*** Listed entries ***

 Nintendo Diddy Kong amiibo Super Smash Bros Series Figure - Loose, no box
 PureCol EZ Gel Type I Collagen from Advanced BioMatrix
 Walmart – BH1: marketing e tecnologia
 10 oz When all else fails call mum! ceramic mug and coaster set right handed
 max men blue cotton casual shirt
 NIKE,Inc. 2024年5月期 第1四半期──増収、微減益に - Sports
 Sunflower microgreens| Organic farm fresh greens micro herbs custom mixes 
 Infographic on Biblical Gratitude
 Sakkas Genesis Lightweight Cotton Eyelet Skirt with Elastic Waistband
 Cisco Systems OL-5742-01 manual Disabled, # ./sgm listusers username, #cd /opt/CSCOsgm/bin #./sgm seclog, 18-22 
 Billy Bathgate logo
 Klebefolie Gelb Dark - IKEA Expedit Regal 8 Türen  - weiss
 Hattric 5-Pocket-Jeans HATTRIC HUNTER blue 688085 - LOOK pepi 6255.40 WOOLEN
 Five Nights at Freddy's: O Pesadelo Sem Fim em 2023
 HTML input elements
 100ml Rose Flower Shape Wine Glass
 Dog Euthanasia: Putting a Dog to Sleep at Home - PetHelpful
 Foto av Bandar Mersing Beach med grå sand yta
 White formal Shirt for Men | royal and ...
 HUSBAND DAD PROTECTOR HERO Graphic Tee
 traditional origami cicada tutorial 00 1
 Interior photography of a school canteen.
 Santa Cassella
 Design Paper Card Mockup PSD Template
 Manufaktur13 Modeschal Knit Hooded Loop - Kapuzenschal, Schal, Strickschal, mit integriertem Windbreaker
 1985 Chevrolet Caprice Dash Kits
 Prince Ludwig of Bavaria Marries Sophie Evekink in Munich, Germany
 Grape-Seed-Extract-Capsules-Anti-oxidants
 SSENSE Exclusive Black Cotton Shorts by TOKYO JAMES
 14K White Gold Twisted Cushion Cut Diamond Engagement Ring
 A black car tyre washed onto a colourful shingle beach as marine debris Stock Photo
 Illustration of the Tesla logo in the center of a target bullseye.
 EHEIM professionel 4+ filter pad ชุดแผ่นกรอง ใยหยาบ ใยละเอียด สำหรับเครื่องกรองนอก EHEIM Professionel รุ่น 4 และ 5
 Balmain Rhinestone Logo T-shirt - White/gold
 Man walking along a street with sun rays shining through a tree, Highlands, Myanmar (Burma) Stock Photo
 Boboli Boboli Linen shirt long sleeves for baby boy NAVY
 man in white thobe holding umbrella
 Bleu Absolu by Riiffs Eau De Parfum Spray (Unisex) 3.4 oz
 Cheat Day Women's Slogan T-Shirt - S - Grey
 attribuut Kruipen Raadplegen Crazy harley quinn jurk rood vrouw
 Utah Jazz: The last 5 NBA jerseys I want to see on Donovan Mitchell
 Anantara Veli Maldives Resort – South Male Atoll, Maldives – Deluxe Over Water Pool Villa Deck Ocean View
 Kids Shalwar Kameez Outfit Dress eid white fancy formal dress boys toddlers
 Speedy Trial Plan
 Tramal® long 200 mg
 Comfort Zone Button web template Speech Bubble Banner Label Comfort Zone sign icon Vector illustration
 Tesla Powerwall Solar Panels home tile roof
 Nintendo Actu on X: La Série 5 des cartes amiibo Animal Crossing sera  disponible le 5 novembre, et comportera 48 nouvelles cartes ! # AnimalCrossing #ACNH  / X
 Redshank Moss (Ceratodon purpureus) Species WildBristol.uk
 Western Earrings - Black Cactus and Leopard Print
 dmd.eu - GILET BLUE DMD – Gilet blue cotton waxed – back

*** End of Listed entries ***

**Problem description**
You are asked to copy all of the entries above exactly.

**Task result**
 Nintendo Diddy Kong amiibo Super Smash Bros Series Figure - Loose, no box
 PureCol EZ Gel Type I Collagen from Advanced BioMatrix
 Walmart – BH1: marketing e tecnologia
 10 oz When all else fails call mum! ceramic mug and coaster set right handed
 max men blue cotton casual shirt
 NIKE,Inc. 2024年5月期 第1四半期──増収、微減益に - Sports
 Sunflower microgreens| Organic farm fresh greens micro herbs custom mixes 
 Infographic on Biblical Gratitude
 Sakkas Genesis Lightweight Cotton Eyelet Skirt with Elastic Waistband
 Cisco Systems OL-5742-01 manual Disabled, # ./sgm listusers username, #cd /opt/CSCOsgm/bin #./sgm seclog, 18-22 
 Billy Bathgate logo
 Klebefolie Gelb Dark - IKEA Expedit Regal 8 Türen  - weiss
 Hattric 5-Pocket-Jeans HATTRIC HUNTER blue 688085 - LOOK pepi 6255.40 WOOLEN
 Five Nights at Freddy's: O Pesadelo Sem Fim em 2023
 HTML input elements
 100ml Rose Flower Shape Wine Glass
 Dog Euthanasia: Putting a Dog to Sleep at Home - PetHelpful
 Foto av Bandar Mersing Beach med grå sand yta
 White formal Shirt for Men | royal and ...
 HUSBAND DAD PROTECTOR HERO Graphic Tee
 traditional origami cicada tutorial 00 1
 Interior photography of a school canteen.
 Santa Cassella
 Design Paper Card Mockup PSD Template
 Manufaktur13 Modeschal Knit Hooded Loop - Kapuzenschal, Schal, Strickschal, mit integriertem Windbreaker
 1985 Chevrolet Caprice Dash Kits
 Prince Ludwig of Bavaria Marries Sophie Evekink in Munich, Germany
 Grape-Seed-Extract-Capsules-Anti-oxidants
 SSENSE Exclusive Black Cotton Shorts by TOKYO JAMES
 14K White Gold Twisted Cushion Cut Diamond Engagement Ring
 A black car tyre washed onto a colourful shingle beach as marine debris Stock Photo
 Illustration of the Tesla logo in the center of a target bullseye.
 EHEIM professionel 4+ filter pad ชุดแผ่นกรอง ใยหยาบ ใยละเอียด สำหรับเครื่องกรองนอก EHEIM Professionel รุ่น 4 และ 5
 Balmain Rhinestone Logo T-shirt - White/gold
 Man walking along a street with sun rays shining through a tree, Highlands, Myanmar (Burma) Stock Photo
 Boboli Boboli Linen shirt long sleeves for baby boy NAVY
 man in white thobe holding umbrella
 Bleu Absolu by Riiffs Eau De Parfum Spray (Unisex) 3.4 oz
 Cheat Day Women's Slogan T-Shirt - S - Grey
 attribuut Kruipen Raadplegen Crazy harley quinn jurk rood vrouw
 Utah Jazz: The last 5 NBA jerseys I want to see on Donovan Mitchell
 Anantara Veli Maldives Resort – South Male Atoll, Maldives – Deluxe Over Water Pool Villa Deck Ocean View
 Kids Shalwar Kameez Outfit Dress eid white fancy formal dress boys toddlers
 Speedy Trial Plan
 Tramal® long 200 mg
 Comfort Zone Button web template Speech Bubble Banner Label Comfort Zone sign icon Vector illustration
 Tesla Powerwall Solar Panels home tile roof
 Nintendo Actu on X: La Série 5 des cartes amiibo Animal Crossing sera  disponible le 5 novembre, et comportera 48 nouvelles cartes ! # AnimalCrossing #ACNH  / X
 Redshank Moss (Ceratodon purpureus) Species WildBristol.uk
 Western Earrings - Black Cactus and Leopard Print
 dmd.eu - GILET BLUE DMD – Gilet blue cotton waxed – back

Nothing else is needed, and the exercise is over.